The SNP campaigned widely in both the February 1974 UK General Election and subsequent October 1974 UK General Election using this slogan. At the February election the SNP gained seven seats in the House of Commons and 22% of the Scottish vote, rising to eleven seats and 30% of the vote in the October election. The idea behind the slogan has proven to be controversial in discussions surrounding the financial viability of an independent Scottish state and still resonates to this day.

==Background==
The outcome of the February 1974 general election saw the Labour Party, led by Harold Wilson, win the most seats. Prime Minister Edward Heath, the leader of the Conservative Party, lost support from the Ulster Unionist Party. Although he entered coalition negotiations with the Liberal leader, Jeremy Thorpe, they broke down. The Labour Party then formed the new government with a plurality of seats but without a majority. In October 1974, Wilson held new elections to ask for a renewed mandate.

Support for the Scottish National Party had meanwhile been increasing in Scotland since the victory of the SNP candidate Winnie Ewing at the 1967 Hamilton by-election. The political instability surrounding the general elections of 1974 represented a time of intense political campaigning in the UK, which further brought the SNP to prominence. It was then that the slogan "It's Scotland's Oil" came to the fore with the February election seeing seven SNP candidates returned, which rose to 11 in October. Some well-known MPs such as Tam Dalyell believe that was in no small part because the SNP used the slogan "It's Scotland's oil".

The economic background to the claim was the discovery of oil in the North Sea in the 1960s and its production starting in the 1970s. Most of the largest oil fields in the UK sector of the North Sea were found in the waters to the north and east of the Scottish mainland, with the most northerly fields found to the east of the Orkney and the Shetland Islands. Aberdeen became the centre of Britain's North Sea oil industry, with many oil terminals such as that of Sullom Voe in Shetland and Flotta in Orkney and at Cruden Bay and St Fergus on the north-eastern coast of Scotland being built to support the North Sea oil industry. In the early 1970s, there was a great deal of economic turbulence with the 1973 oil price shock, which was caused by the Yom Kippur War. That resulted in rising inflation, high unemployment and a recession, a situation known as stagflation, in Scotland and the rest of the United Kingdom. Thus, the economic argument that formed the basis of the slogan was that while Scotland was part of the United Kingdom, it lacked control over royalties and the revenue from the majority of the oil, which lay in the Scottish sector of the North Sea.

==Reality of claim==
Since Scotland is not a sovereign state, it has no effective maritime boundaries, and any claims that Scotland may assert are subsumed as part of claims made by the United Kingdom. However, the existence of two separate legal systems in Great Britain (that of Scots law pertaining to Scotland and English law pertaining to England and Wales) has caused constitutional law in the United Kingdom to provide for the division of the UK sector of the North Sea into specific Scottish and English components. The Continental Shelf Act 1964 and the Continental Shelf (Jurisdiction) Order 1968 defined the UK North Sea maritime area to the north of latitude 55 degrees north as being under the jurisdiction of Scots law and that 90% of UK oil resources were considered under Scottish jurisdiction. In addition, Section 126 of the Scotland Act 1998 defined Scottish waters as the internal waters and territorial sea of the United Kingdom as are adjacent to Scotland. That was subsequently amended by the Scottish Adjacent Waters Boundary Order 1999, which redefined the extent of Scottish waters and Scottish fishery limits.

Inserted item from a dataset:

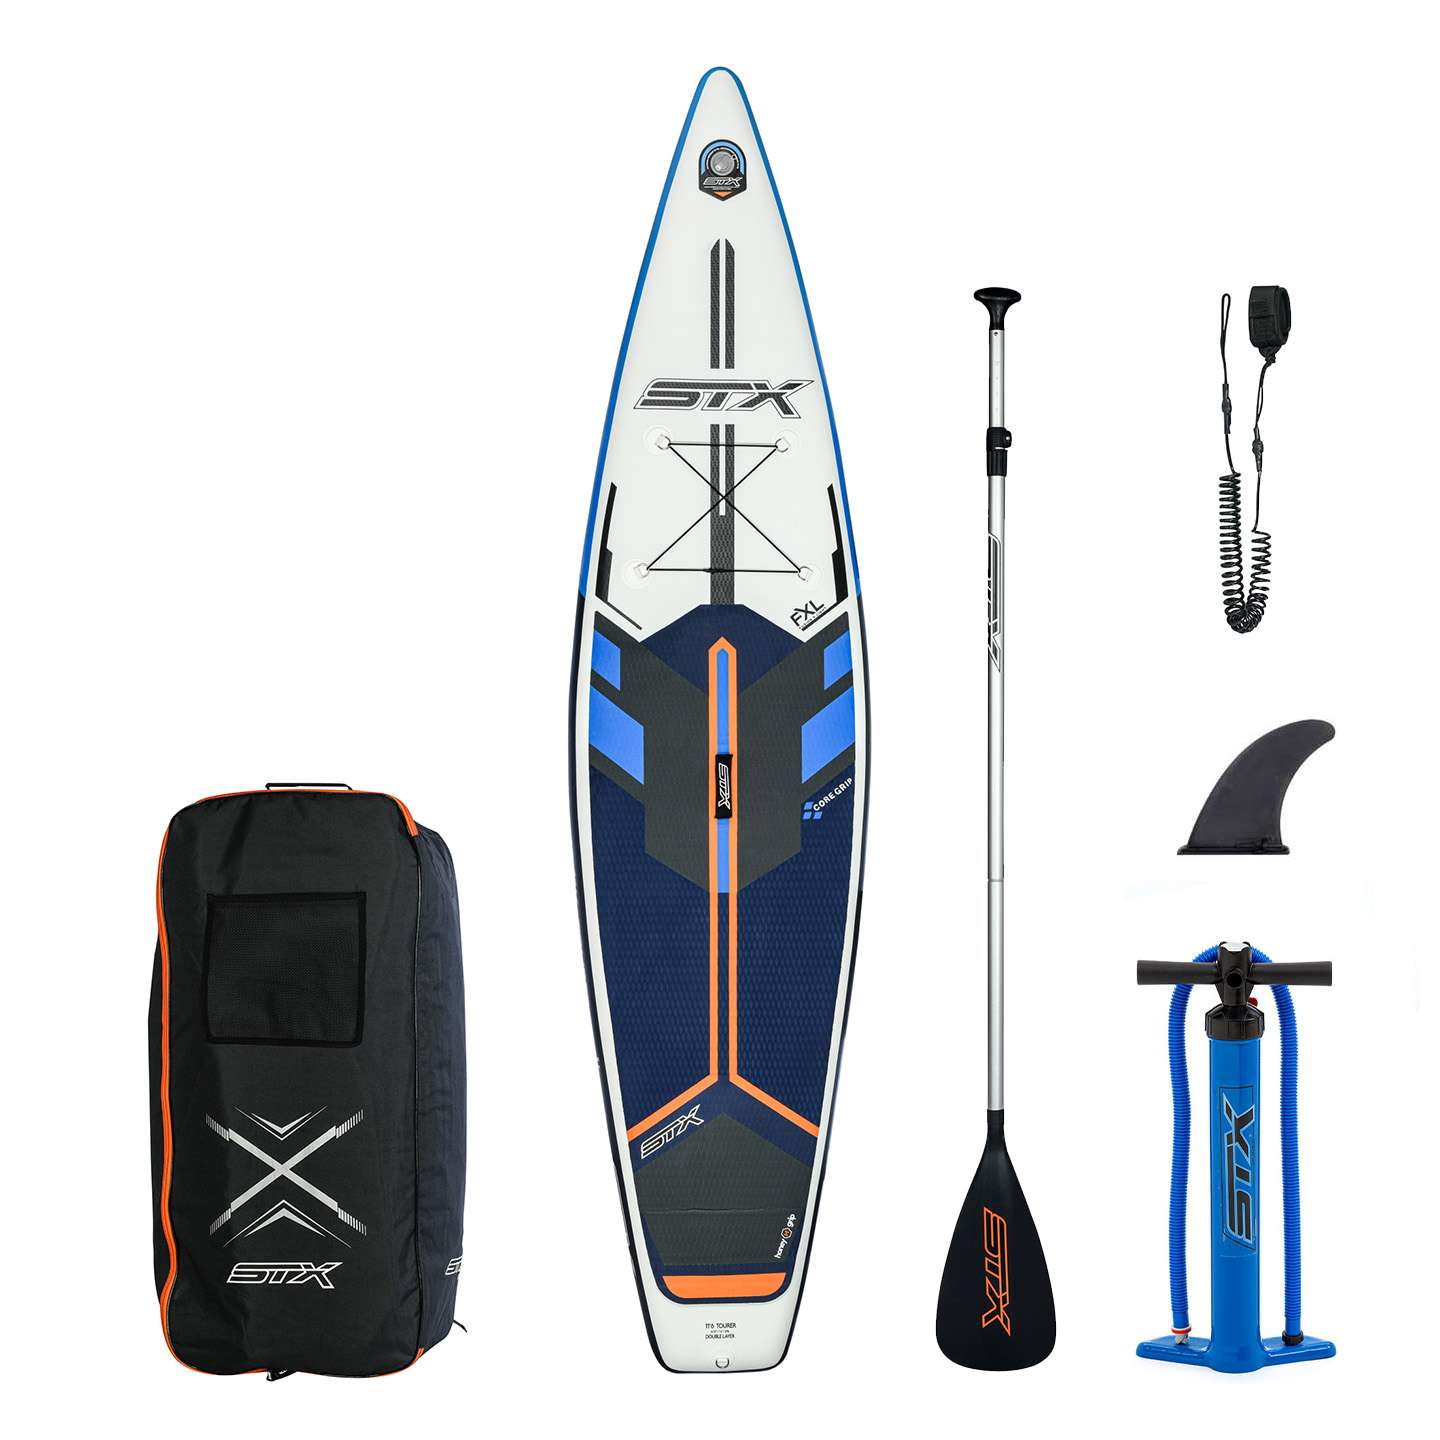 STX Tourer 11'6 Inflatable SUP 2021 | King of Watersports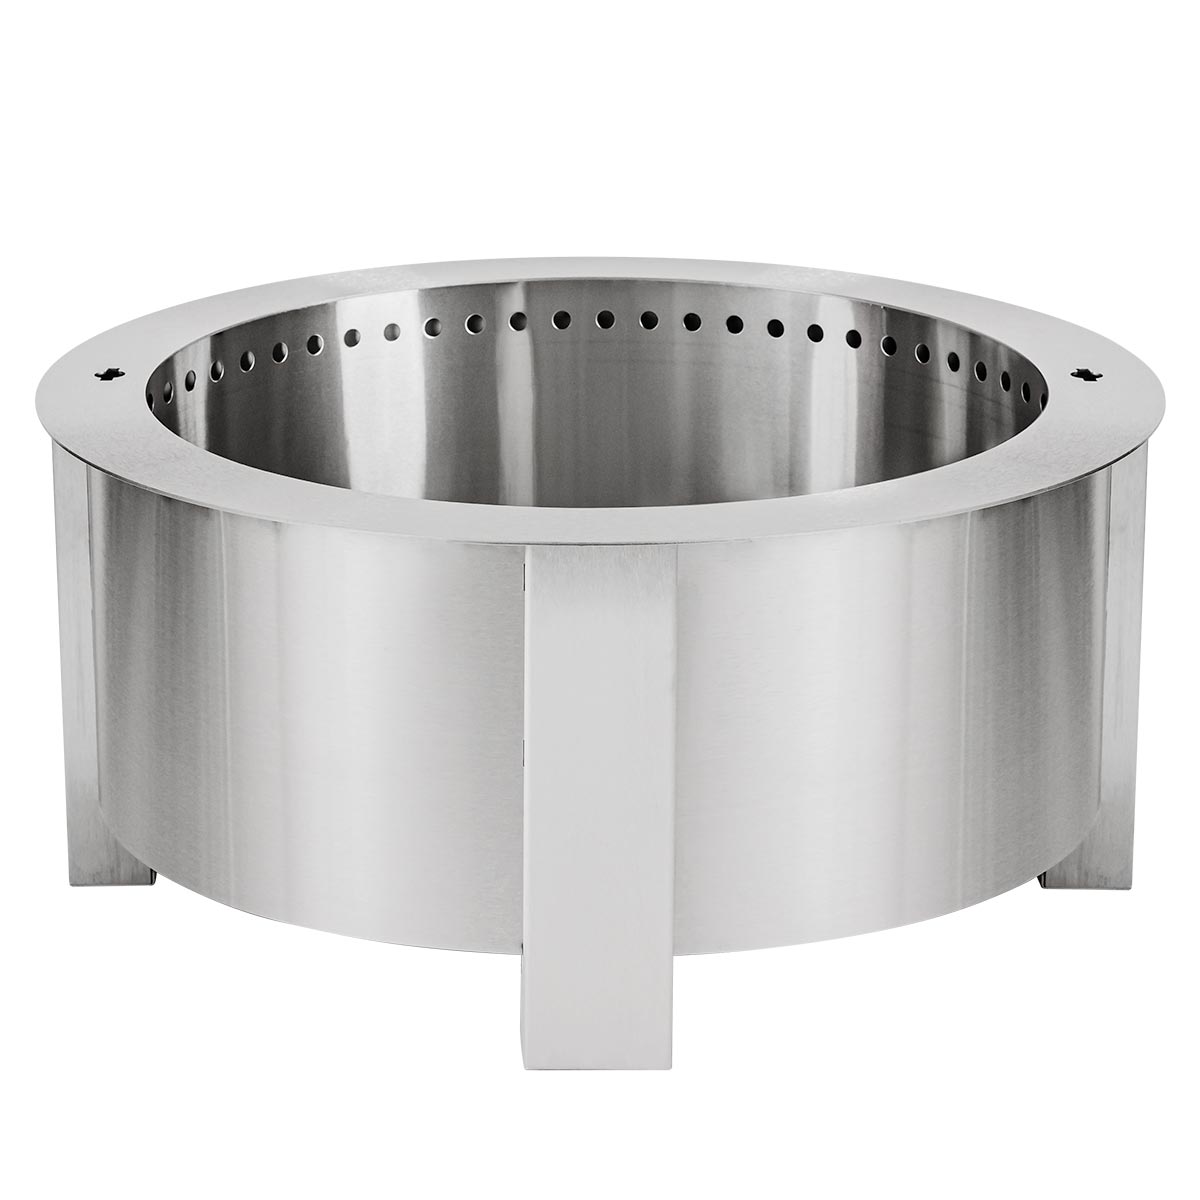 BREEO X Series 30 Smokeless Fire Pit (Stainless) with Ash Removal Tool

Recent evidence by Kemp and Stephen (1999) has tried to estimate hypothetical Scottish shares of North Sea Oil revenue by dividing the UK sector of the North Sea into separate Scottish and English sectors by using the international principle of equidistance, as is used under the United Nations Convention on the Law of the Sea (UNCLOS). That convention is used in defining the maritime assets of newly-formed states and in resolving international maritime disputes. The study by Kemp & Stephen showed that hypothesised Scottish shares of North Sea oil revenue over the period 1970 to 1999 varied depending upon the price of oil and was offset against taxable profits and the costs of exploration and development.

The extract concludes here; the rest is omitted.